Dr. F. A. Tucker, of Noblesville: Food preservatives and food adulteration is a subject that could be controlled by the prime principles of honesty as a base for a food law. The necessity of preserving food in some way has been recognized in the homes and factories since man has emerged from his primitive state. But the modern science of chemistry has placed the means of preserving foods and making tints and colors so fine an art that ordinary means can not detect them. I believe the rights of the consumer are paramount, and he should be consulted as to his tastes and desires, and he should be protected by the State, in so far as chemical analysis of foods, as to artificial coloring, preservatives and antiseptics are concerned. When they are harmful to the consumer in any manner, they should be eliminated. I believe the education of the public in regard to artificial colorings and harmful preservatives to be quite as effective as legislation, especially after a bill for a food law is amended and counteramended by so-called "wise" legislators, reaches the Governor for his signature its good intents and power of rendering a definite good are about all gone.

Every food stuff placed upon the market should bear a label stating what the food is, and if preservatives or colorings are used should specifically state their nature and amount so used.
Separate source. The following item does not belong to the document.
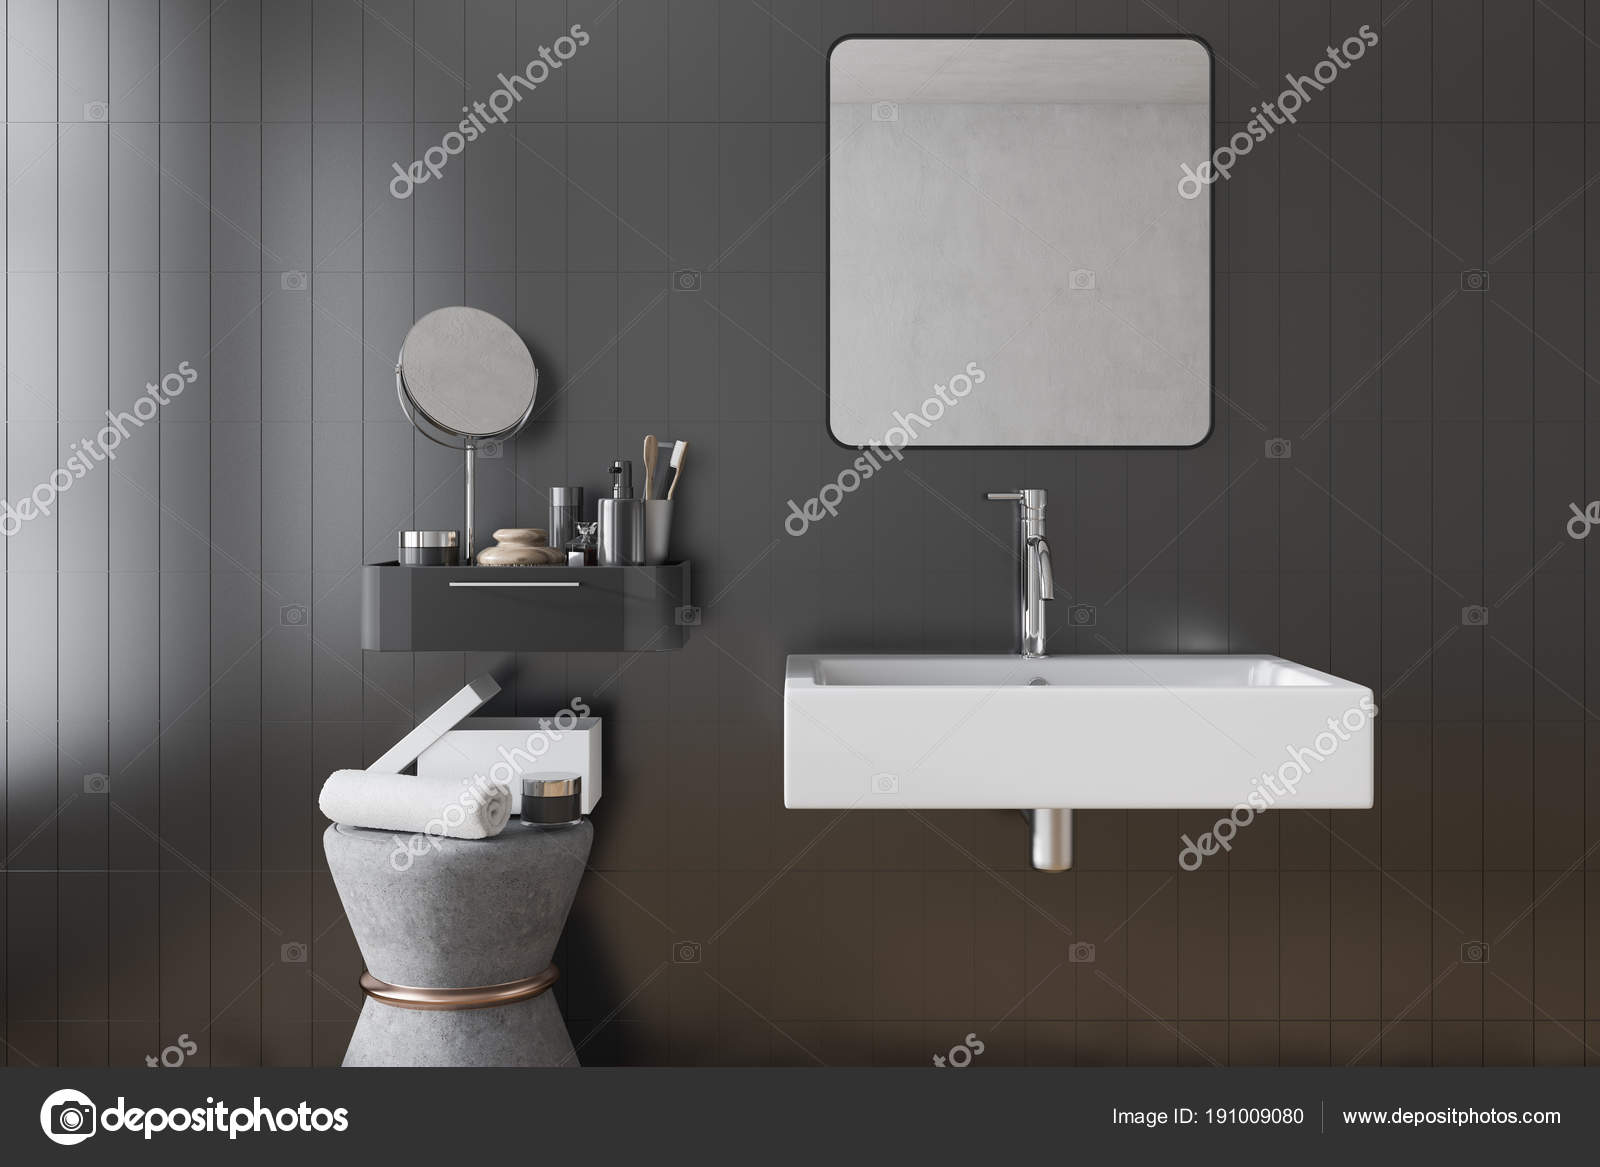 Zwarte vierkante badkamer wastafel interieur tegels u2014 stockfoto

We should be very careful about drawing the line too close as between adulteration and food preservatives. The dangers to the consumer arising from reputably prepared foods to which preservatives have been added is nothing as compared to the dangers from foods having undergone putrefactive changes. Problems of such importance should be decided by medical men and expert

18-Ind. Med. Assn.

chemists, and not in courts of law. Our fund of scientific knowledge on the subject should be increased over what it now is, and we, as medical men, should at least be in advance of legislation. I am proud of Indiana as a State, that she soon will have in full operation laboratories for scientific analysis of foods and drugs for the protection of the unsuspecting public, who should, in turn, be educated by the profession along these lines.

As an economic principle it is apparent that a nation of more than eighty millions of people can not be fed direct from the farm to the consumer's table, for we have the problem of transportation of foodstuffs to the great cities in an edible condition; therefore, it becomes a necessity for some chemical preservatives, but not adulterants. These conditions must be met and controlled for the best interest of the consumer.